Fifth graders from across the state are taking part in the 26th annual Iowa Children’s Water Festival on the Des Moines Area Community College Ankeny campus today.

Event coordinator, Kristie Wildung, says it’s a day for the kids to learn about a key resource.
“They’re gonna come and spend a day learning about water, wastewater and the environment and they have a full day with a schedule that we plan out for them to go to small group presentations. They’ll go to large group presentations, they get to do some educational games,” Wildung explains.

She says the festival is an important teaching event. “With the state of Iowa’s guidelines, the fifth-grade class ages is the age that students learn about water the water cycle, and so our goal in bringing them into a full day of activities like this is to help them shape their thoughts and processes behind how they might be able to take care of the water,” Wildung says.

One of the events, for example, is making an “edible aquifer.” “Which is a process we take them through learning about what an aquifer in Iowa looks like –but we build that aquifer in a cup using food products and then they’re able to take that with them and eat it and enjoy it during the rest of the day,” she says.

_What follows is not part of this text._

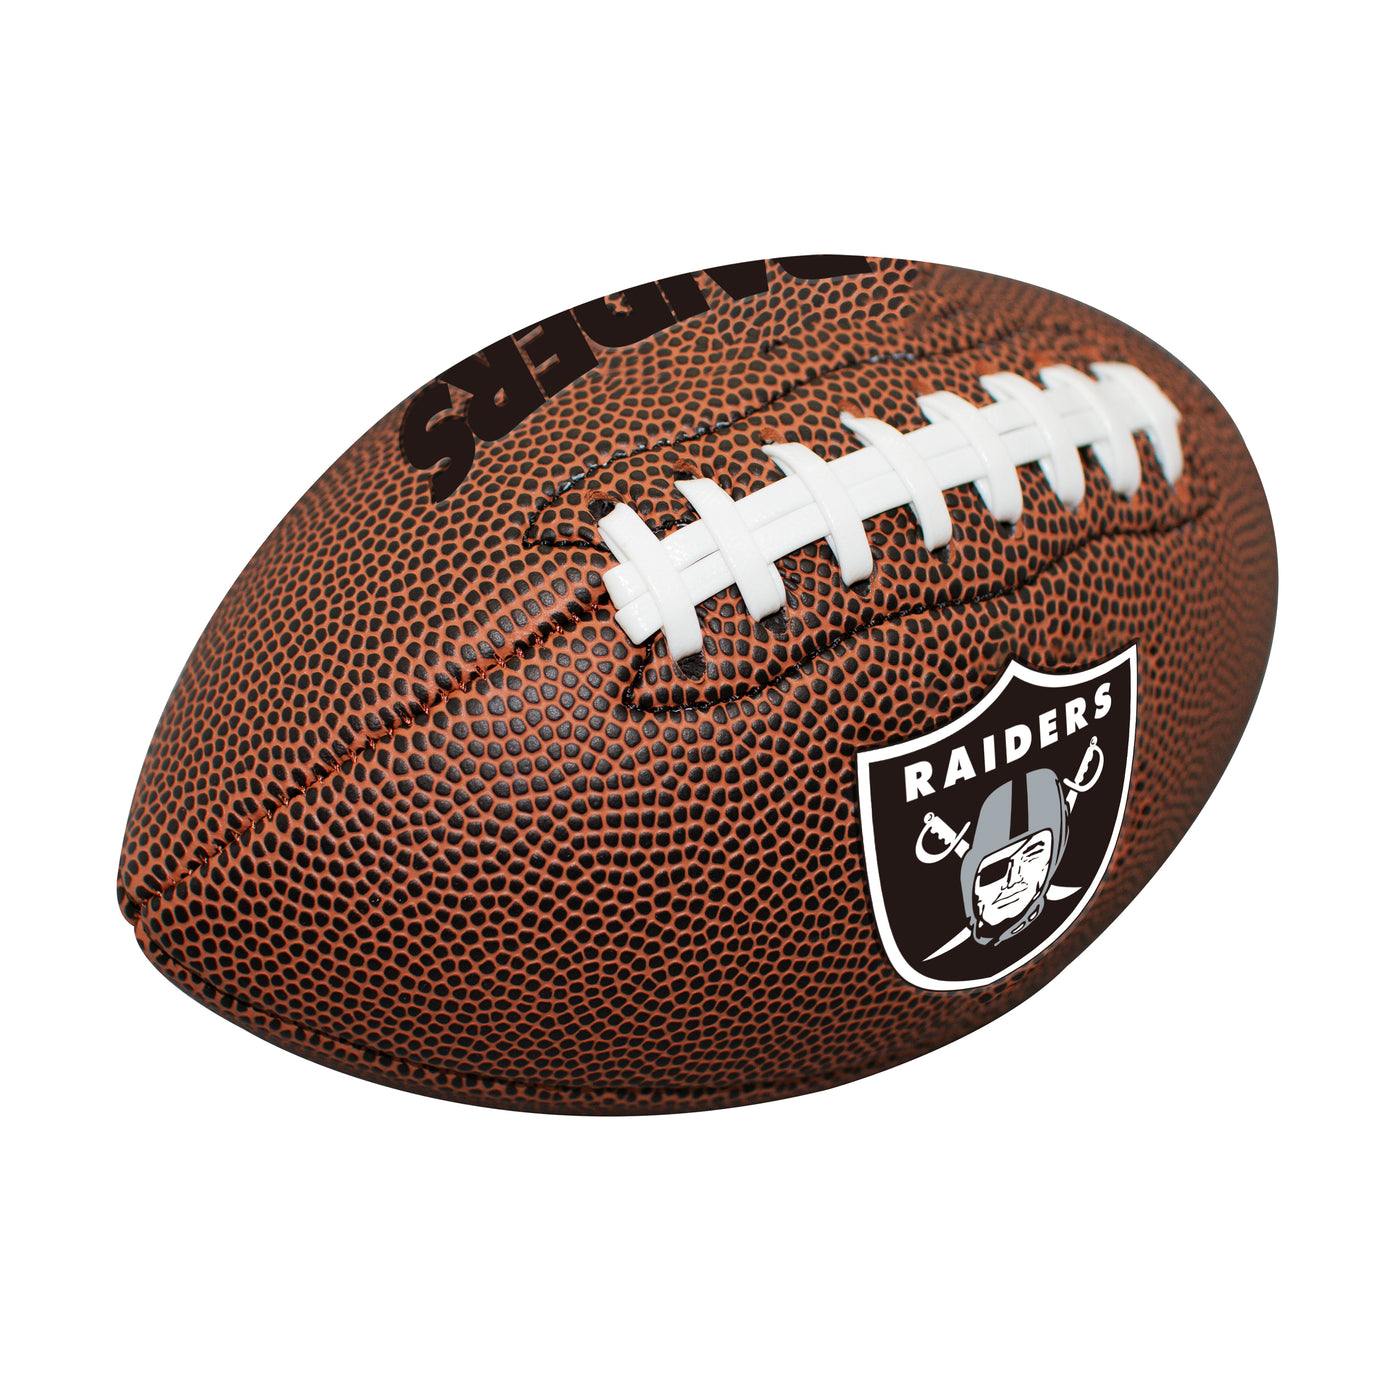 Las Vegas Raiders Mini Size Composite Football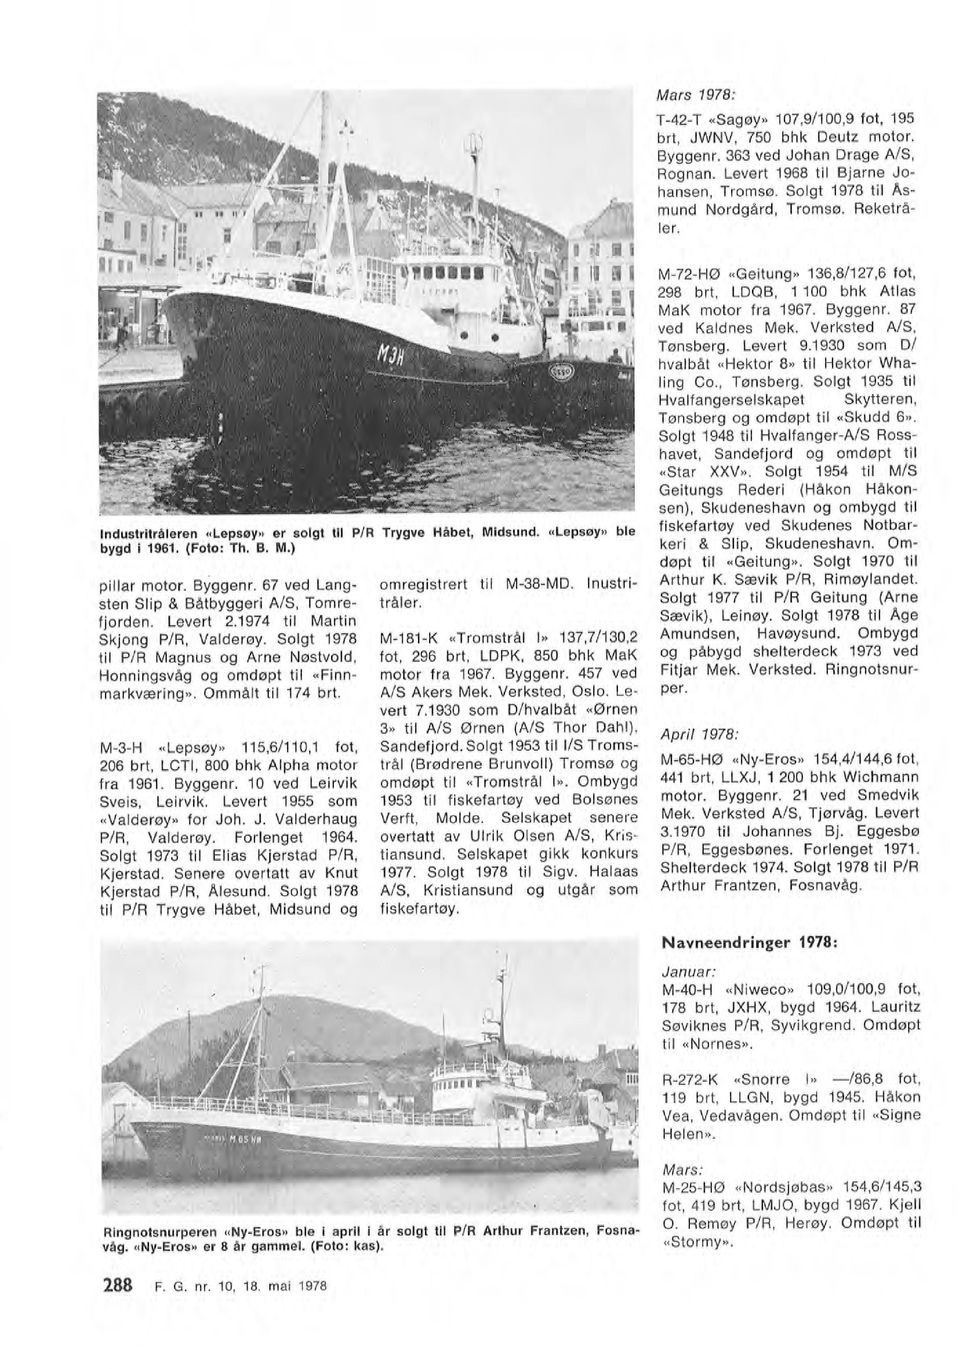 Apri 1978: Honningsvåg og omdøpt ti «Finnmarkværing». Ommåt ti 174 brt. Sveis, Leirvik. Levert 1955 som «Vaderøy» for Joh. J. Vaderhaug P/R, Vaderøy. Forenget 1964.

Wildung says water rights have become the focus of lawsuits in other states — and we are lucky here. “In Iowa, we’re very fortunate. We seem to have almost an endless supply of water. But I think what’s happening is more and more of our water is becoming contaminated where we’re not able to recycle and reuse it,” according to Wildung. “And I always tell the kids when they’re at the event that we’re drinking the same water the dinosaurs drink when they were on Earth.”

She says we have to be able to take care of that water for current and future residents. Some 1,900 5th grade students, teachers, and chaperones from across Iowa will participate in the free festival.